Richard Dawkins, FLIGHTS OF FANCY: Defying Gravity by Design & Evolution

This book was released in the UK in November 2021 — here’s its Amazon UK page — and was announced for US release in May 2022. I ordered the latter when it came out; here is its Amazon.com page. Turns out they are not separate editions, but the same identical edition, from the Apollo imprint of Head of Zeus, with a single ISBN, and only the UK price in pounds on the back. Why the delay in US availability? Don’t know.

The books is pleasant but unusual in Dawkins’ oeuvre. Dawkins, arguably the greatest writer on evolution of the past 50 years, has written a number of books on the subject from The Selfish Gene in 1976 (my review) to The Greatest Show on Earth in 2009 (my review), and another dozen or so on adjacent topics, from science to religion to autobiography.

This one is different. It’s a guide to a certain slice of natural history aimed at younger readers, and it’s profusely illustrated, by Slovak illustrator and translator Jana Lenzova. (Sample below.)

Topics include humanity’s dreams of flying; why some animals lose their wings; why smaller animals can more easily fly and how larger animals compensate. It goes on to discuss human inventions of parachutes and gliders; powered flight (airplanes, et al); weightlessness; and how some plants and microbes ‘fly’ by letting air currents propagate their seed.

Unsurprisingly Dawkins does not let opportunities to discuss evolution and natural selection pass him by. A running theme through the book is how things can look designed but have actually evolved; one late chapter focuses on that idea specifically. Another late chapter focuses on the creationist canard “what is the use of half a wing?”, giving copious answers to that naive, bad-faith question.

So why did I read this book? It’s pretty basic and I’m not sure I learned any new principles from it, though throughout Dawkins provides many specific examples of animals and machines that have employ slightly different methods to achieve flight.

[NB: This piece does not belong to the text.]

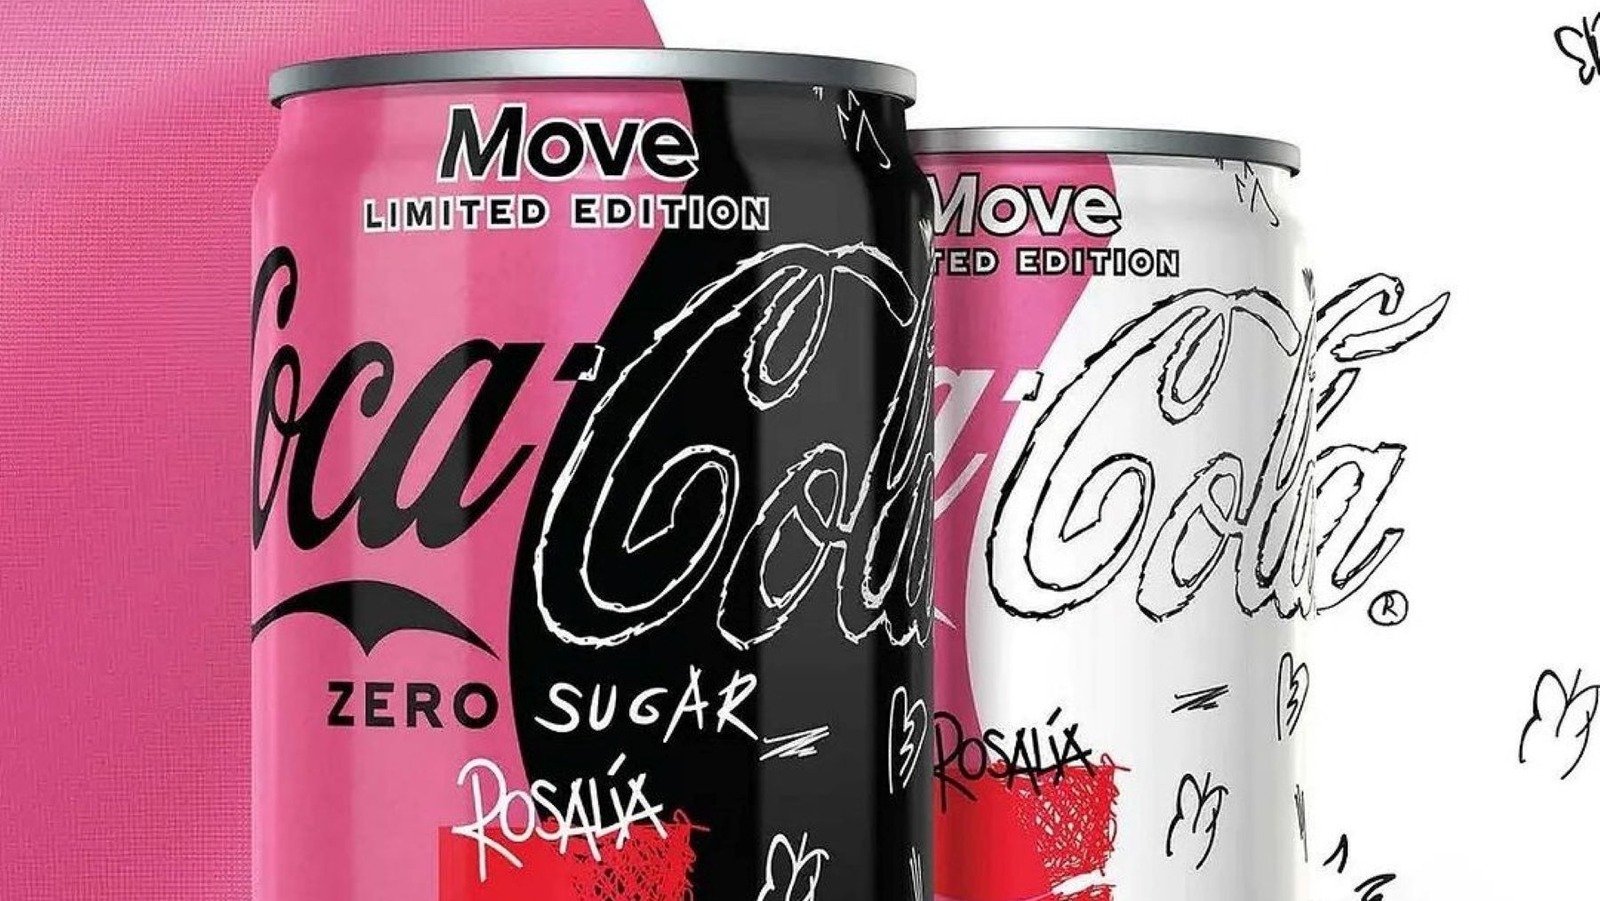 Coca-Cola introduces ‘transformation-flavored’ soda in its latest limited-time offering

Would I recommend it? Sure, as a casual visit with a famous scientist, for a couple of hours. Or especially as a gift to a teenager interested in the natural world, and not too cemented into religious doctrine to be open to understanding naturalistic understanding of how the world has come to be.

The book a science fictional angle that was new me. The final chapter in the book is called “The Outward Urge,” in which Dawkins speculates on reasons humanity might want to, in effect, spread its seeds into outer space, the way dandelions do theirs on the wind. His reasons are familiar, but his title evokes a John Wyndham novel I’ve heard of but have never read, The Outward Urge, from 1959. It’s actually still in print, perhaps in a print-on-demand edition (I can’t tell: Amazon), but in any event is far more obscure than the half-dozen novels for which Wyndham remains known (The Day of the Triffids, The Midwich Cuckoos, et al.).

Dawkins read science fiction growing up, or as a young man, and it influenced him; he mentions examples routinely in his books. Though he hasn’t kept up with anything, it seems, since the 1950s.